Mitchell Park residents are collecting their own money to clean up the little park in their neighborhood. The broke District government is supposed to do this job with their property taxes. The federal government payments formula to the District, for taking up so much land, is shortchanging D.C. by about $500 million a year, a blue ribbon group of accountants and lawyers reported recently. That is almost the size of this year’s deficit. Nothing happens.
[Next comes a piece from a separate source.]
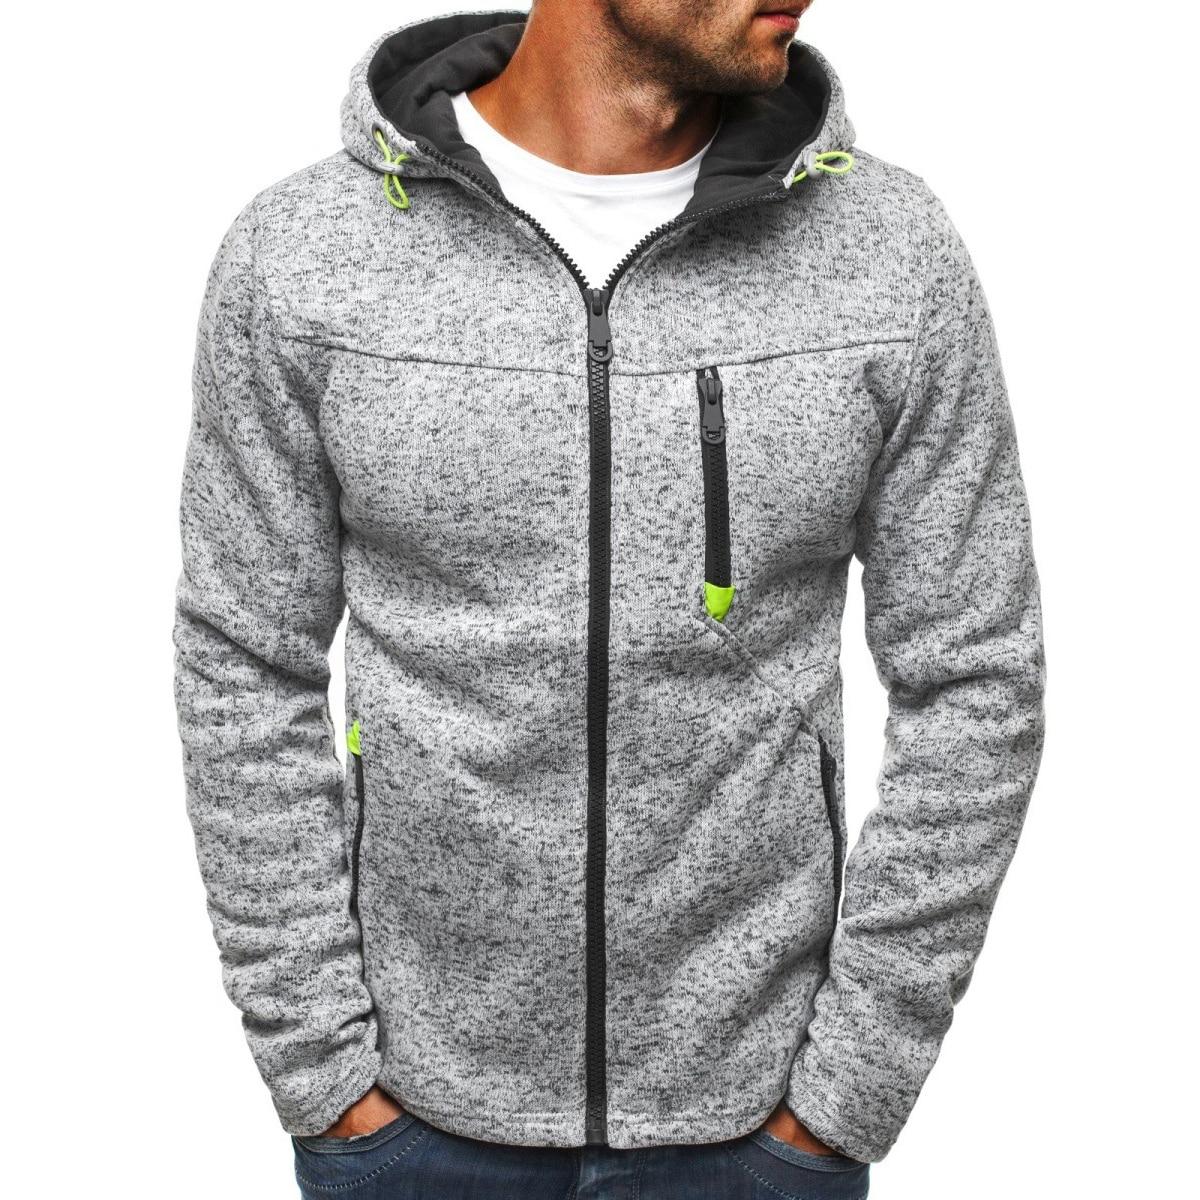 MRMT 2020 Brand Jacquard Hoodie Fleece Cardigan Hooded Coat Men's Hoodies Sweatshirts Pullover For Male Hoody Sweatshirt(China)

A D.C. health department warning to residents in southeast Washington to boil their drinking water. Risky bacteria was found

in the ageing pipe systems.

The rich in Washington can opt out. They have their bottled water, their clubs, their private schools and their residential roads are not in that bad shape. The “other Washington, D.C.” is not so fortunate; one sixth of the population doesn’t have health insurance. Sixty percent of the city’s poor households regularly run out of money for food. The one public hospital is nearing a closedown. The Public housing agency is in receivership while other agencies — prisons, foster care — are under court orders for underperformance.

Long lines form for motor vehicle inspections and other local government services. The delays are such that private firms will stand in line for you — for a fee.

Whose responsible for the continuation of the decay, depravity and poverty of the nation’s capital? “Duty,” said the philosopher, Alfred North Whitehead, “arises from the power to alter the course of events.” When governments fail, it is up to the citizenry to arouse themselves. Which citizenry first — the sick, poor, the powerless or the healthy, affluent and powerful? The local well-to-dos of the D.C. region can escape much of the pain of this deterioration and they can look the other way. So, with few luminous exceptions, the banks, insurance companies, chain stores, trade associations, lobbying firms, big non-profits like Fannie Mae (which is exempted by Congress from paying the District’s $300 million income tax every year), accounting firms, other major businesses, medical profession and lawyers just make their money and look the other way.

The Washington Post gives the headlines of local disasters and cruel neglects; the local evening television news provides the police blotter of street crimes. The wealthy establishment tsks tsks and looks the other way.

Something has to start somewhere. A group of practicing attorneys has formed the D.C. Appleseed Center for Law and Justice. Appleseed is an apt metaphor. They are trying — a very difficult task — to galvanize the District’s immensely wealthy legal establishment to use their knowhow and muscle to help the community to rescue itself.

The seeds of a vigorous democracy can liberate the immense talent and knowledge of the D.C. area to solve its problems. But citizenship and community spirit is in high demand and low supply. One trial attorney years ago started a Foundation to support and recognize small community groups trying to lift up neighborhoods and protect their children. His name is Jack Olender — a medical malpractice specialist — who has yet to be emulated by the practicing corporate lawyers who make half a million to a million and a half a year.

Civic leadership is the diamond of democracy — more for its rarity than its resistance to erosion. Is the District of Columbia’s problems all that different from any other cities around the nation? It all starts with civic leadership; just like America did.